在具有相同資料庫的兩個不同環境(本地機器和 heroku 上的生產)之間,我們發現相同的、相當簡單的查詢的執行時間存在很大差異。
查詢是:
SELECT "property_tax_bills".* FROM "property_tax_bills" INNER JOIN "property_tax_bill_parsed_addresses" ON "property_tax_bills"."id" = "property_tax_bill_parsed_addresses"."property_tax_bill_id" WHERE "property_tax_bill_parsed_addresses"."parsed_address_id" = 2 AND "property_tax_bills"."statement_date" = '2021-11-20';
property_tax_bills 是一個大表(4400 萬條記錄),連接表 property_tax_bill_parsed_addresses 也同樣大。
通過 psql 本地運行的 EXPLAIN ANALYZE 命令回傳以下內容:
Gather (cost=1105.30..64845.64 rows=219 width=147) (actual time=15.054..18.941 rows=101 loops=1)
Output: property_tax_bills.id, property_tax_bills.owner_name, property_tax_bills.property_address, property_tax_bills.mailing_address, property_tax_bills.statement_date, property_tax_bills.pluto_record_id, property_tax_bills.created_at, property_tax_bills.updated_at, property_tax_bills.bbl
Workers Planned: 2
Workers Launched: 2
Buffers: shared hit=25539
-> Nested Loop (cost=105.30..63823.74 rows=91 width=147) (actual time=12.147..12.291 rows=34 loops=3)
Output: property_tax_bills.id, property_tax_bills.owner_name, property_tax_bills.property_address, property_tax_bills.mailing_address, property_tax_bills.statement_date, property_tax_bills.pluto_record_id, property_tax_bills.created_at, property_tax_bills.updated_at, property_tax_bills.bbl
Inner Unique: true
Buffers: shared hit=25539
Worker 0: actual time=10.752..10.898 rows=36 loops=1
Buffers: shared hit=7647
Worker 1: actual time=11.014..11.162 rows=28 loops=1
Buffers: shared hit=6483
-> Parallel Bitmap Heap Scan on public.property_tax_bill_parsed_addresses (cost=104.73..32879.67 rows=3672 width=8) (actual time=0.634..3.758 rows=1442 loops=3)

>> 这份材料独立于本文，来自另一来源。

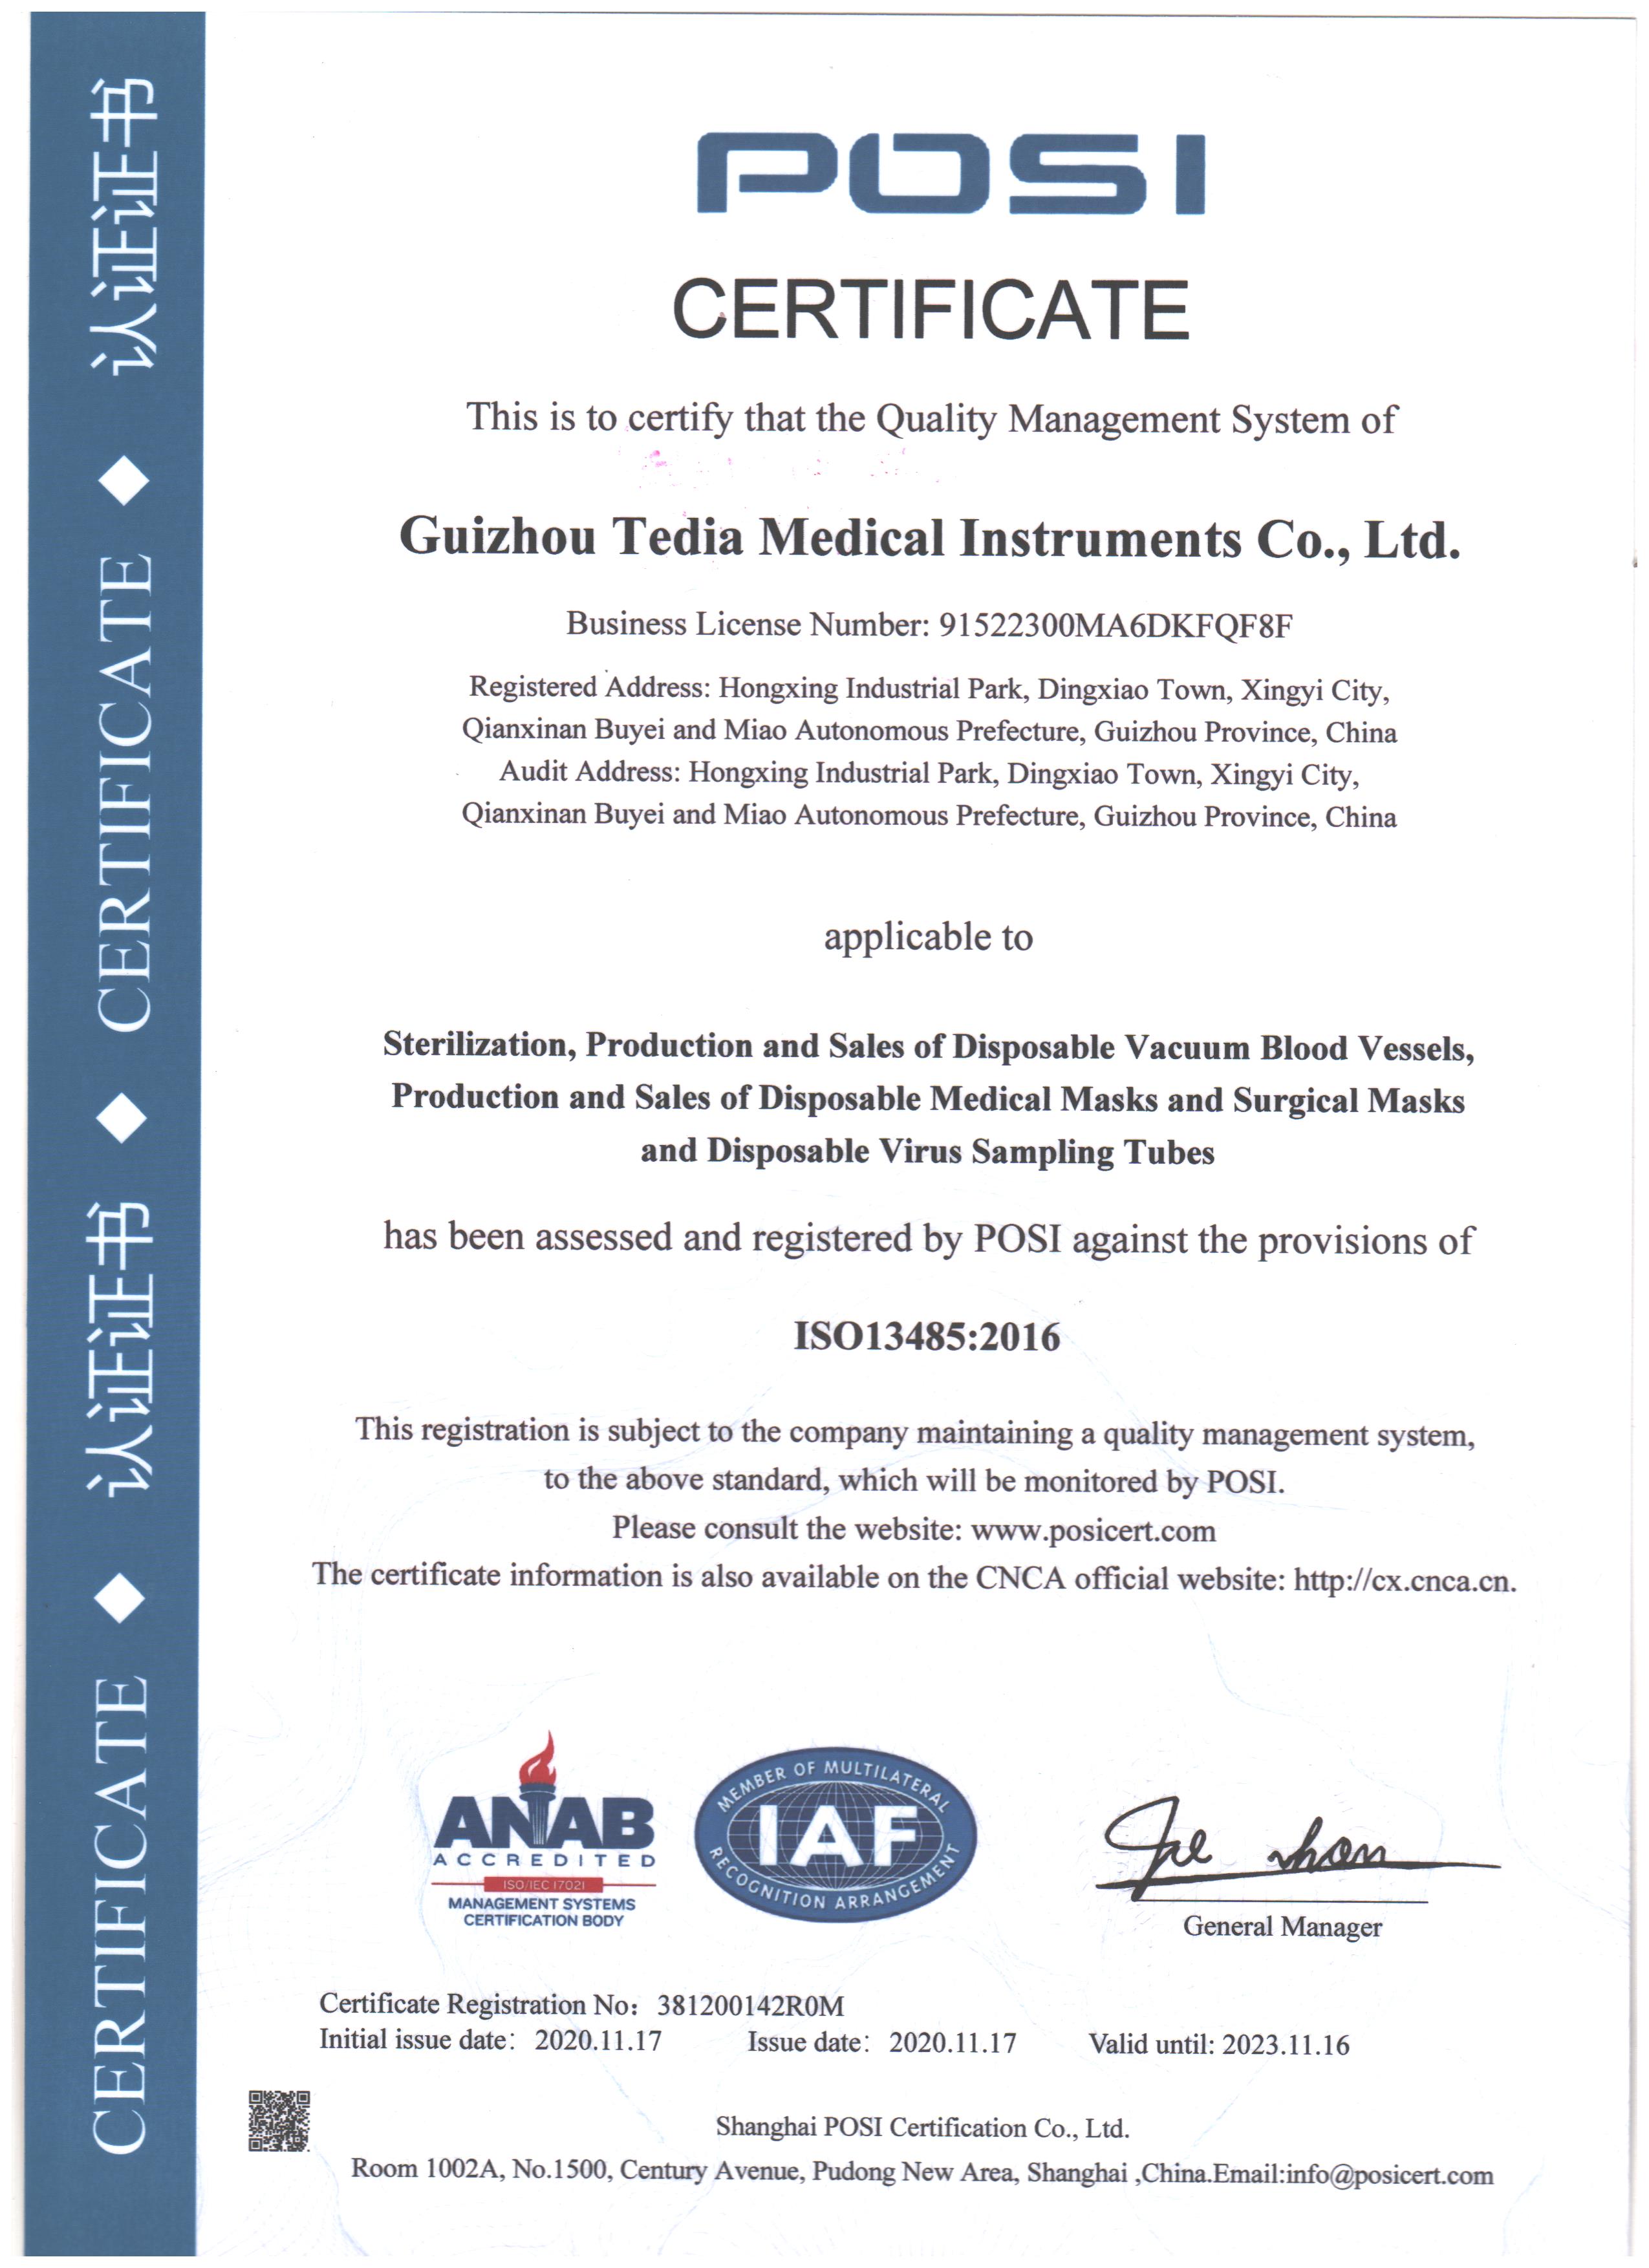 ISO13485 quality management system certification

Output: property_tax_bill_parsed_addresses.id, property_tax_bill_parsed_addresses.property_tax_bill_id, property_tax_bill_parsed_addresses.parsed_address_id, property_tax_bill_parsed_addresses.raw_address, property_tax_bill_parsed_addresses.processed_address, property_tax_bill_parsed_addresses.created_at, property_tax_bill_parsed_addresses.updated_at, property_tax_bill_parsed_addresses.is_verified, property_tax_bill_parsed_addresses.error_message
Recheck Cond: (property_tax_bill_parsed_addresses.parsed_address_id = 2)
Heap Blocks: exact=1745
Buffers: shared hit=3912
Worker 0: actual time=0.041..2.924 rows=1295 loops=1
Buffers: shared hit=1171
Worker 1: actual time=0.045..3.356 rows=1099 loops=1
Buffers: shared hit=987
-> Bitmap Index Scan on part_i_ptbpa_o_p_a_id_where_not_null (cost=0.00..102.53 rows=8812 width=0) (actual time=1.049..1.049 rows=4325 loops=1)

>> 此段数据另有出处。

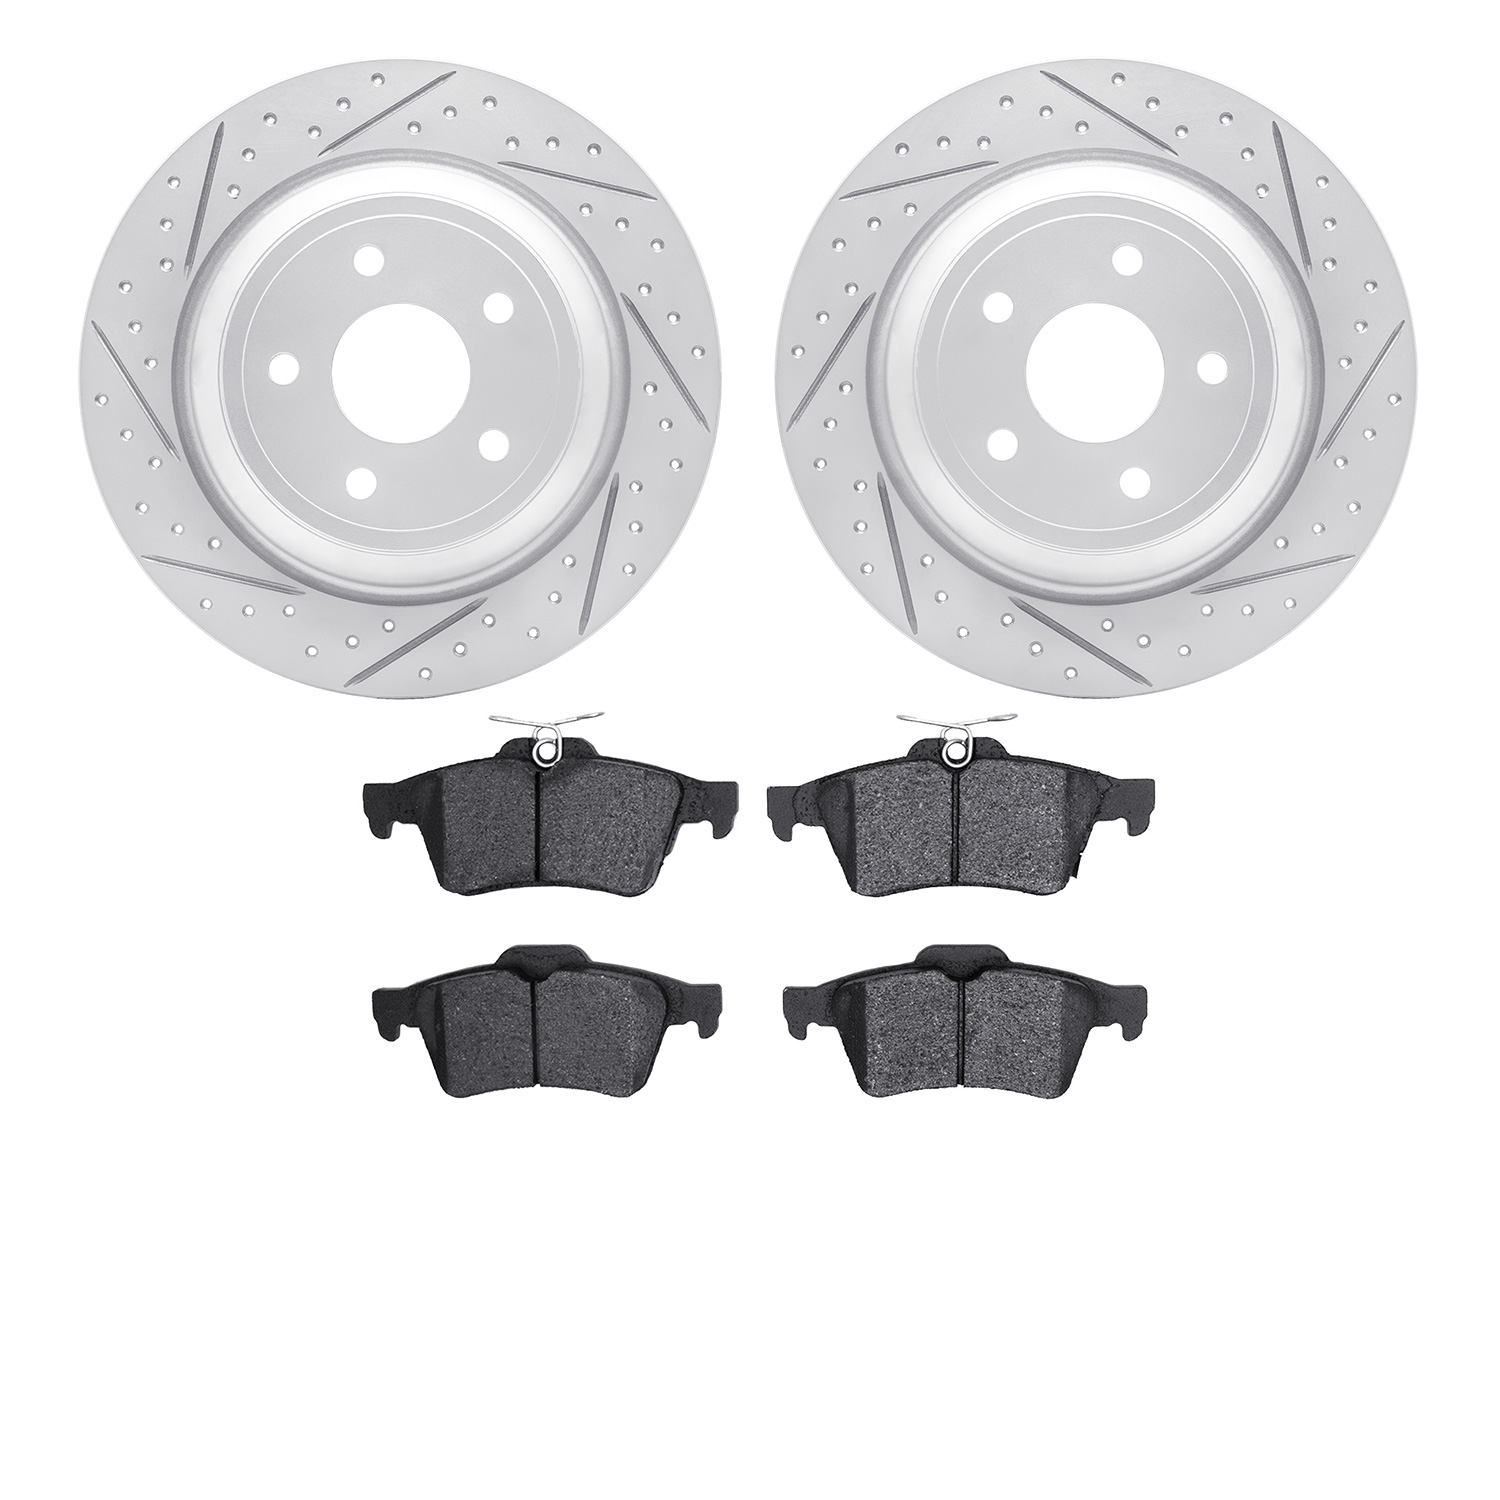 2502-54243 Geoperformance Drilled/Slotted Rotors w/5000 Advanced Brake Pads Kit, 2016-2018 Ford/Lincoln/Mercury/Mazda, Position:

Index Cond: (property_tax_bill_parsed_addresses.parsed_address_id = 2)
Buffers: shared hit=9
-> Index Scan using property_tax_bills_pkey on public.property_tax_bills (cost=0.56..8.43 rows=1 width=147) (actual time=0.006..0.006 rows=0 loops=4325)
Output: property_tax_bills.id, property_tax_bills.owner_name, property_tax_bills.property_address, property_tax_bills.mailing_address, property_tax_bills.statement_date, property_tax_bills.pluto_record_id, property_tax_bills.created_at, property_tax_bills.updated_at, property_tax_bills.bbl
Index Cond: (property_tax_bills.id = property_tax_bill_parsed_addresses.property_tax_bill_id)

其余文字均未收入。